Nietzsche répond d'emblée : punitions et récompenses sont données à l'individu « pour des
raisons d'utilité, sans qu'il ait à y prétendre avec justice ». Ce qui est utile, c'est ce qui aide à
satisfaire un besoin, et c'est donc la satisfaction d'un besoin que visent les peines et les
récompenses. Elles sont donc instrumentales.

■ Nietzsche souligne cette dimension instrumentale en précisant le sens de la question :


pourquoi me punit-on ? On pourrait penser que cette question signifie « à cause de quoi me
punit-on ? », auquel cas la justice rétributive répondrait : parce que tu as mal agi. Mais, comme
l'a établi Nietzsche, cette réponse apparaît absurde dans la mesure où nous ne sommes pas
responsables de nos actes. Cette question signifie donc : dans quel but me punit-on ? Nietzsche
répond : « le sage ne punit pas parce qu'on a mal agi, mais pour empêcher que l'on agisse mal. »,
comme « le sage ne récompense pas parce qu'on a bien agi », mais pour encourager à bien agir.
Ainsi, il n'est pas juste qu'on me punisse, mais cette punition est utile. Cependant, à quoi sont
nécessaires les sanctions et les récompenses et à quoi servent-elles ?

B. C'est l'intérêt qui les motive

■ Nietzsche a établi l'utilité des récompenses et des punitions en montrant qu'elles visent à
produire des conduites, en en encourageant certaines et en dissuadant d'en entreprendre
d'autres. Leur utilité est donc sociale : elles sont avant tout l'instrument par lequel se protège et
se défend une société.

■ Afin de souligner leur caractère nécessaire, Nietzsche se place dans l'hypothèse où peines et
récompenses disparaîtraient : « du même coup disparaîtraient les motifs les plus puissants qui
détournent de certaines actions, et poussent à certaines autres. » Autrement dit, le désir des
récompenses et la crainte des punitions sont les véritables causes de nos actions.

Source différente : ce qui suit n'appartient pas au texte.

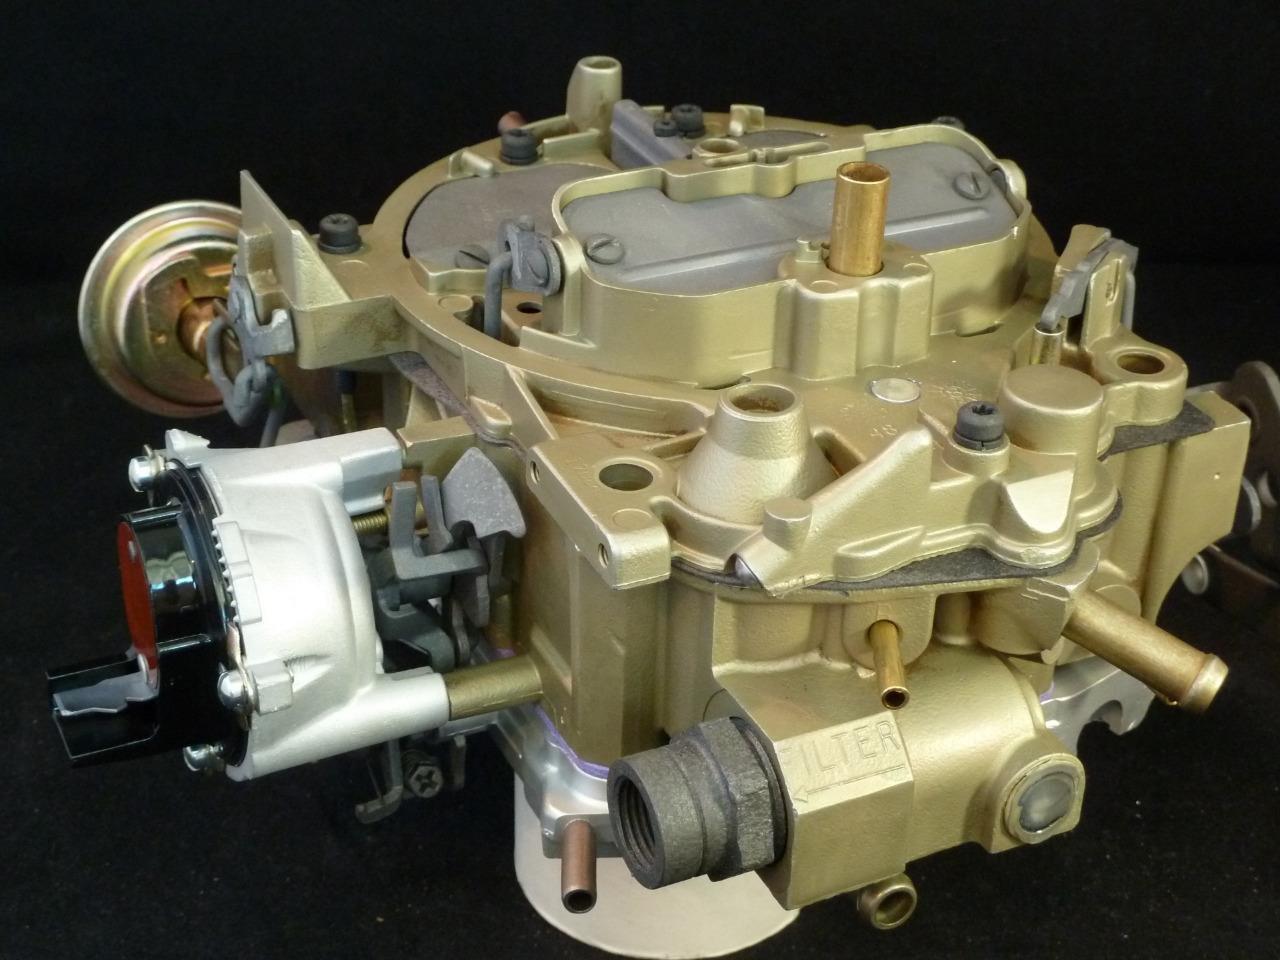 Gy6 150cc Buggy Wiring Diagram Expert Schematics Regulator Twister Hammerhead Library Of Diagrams U2022 Yamaha Zuma 50

Les peines et
les récompenses ont d'abord pour but de produire en nous un désir de récompense et une peur
de la punition qui détermineront nos conduites ; les supprimer mettrait finalement en danger
« l'humanité » elle-même, dans la mesure où ces conduites se trouveraient alors sans
orientation, sans motif stable. Aucun système moral, aucun système juridique, ne saurait se
passer des récompenses et des sanctions. Ce n'est donc pas une question de justice, mais de
conservation et de survie de l'homme.

Conclusion

En définitive, celui qui a bien agi n'avait pas d'autre choix que de bien agir, celui qui a mal agi
n'avait pas d'autre choix que de mal agir. Par conséquent, il est absurde de rétribuer leurs actes,
par une peine ou une récompense. Du point de vue de leur acte passé et de leur individu, ces
rétributions n'ont aucun sens. C'est seulement dans la perspective d'un ensemble de conduites
futures que ces rétributions ont une utilité. En d'autres termes, il n'est pas juste qu'un individu
soit récompensé d'avoir fait le bien. En revanche, qu'il soit récompensé est de la plus haute
utilité, en ce sens que le désir de la récompense – et la crainte de la punition – sont nécessaires
à la conservation de l'humanité. Ainsi, la critique de Nietzsche dévoile, sous ce qui se donne
pour justice, le pur souci qu'a la société de se conserver.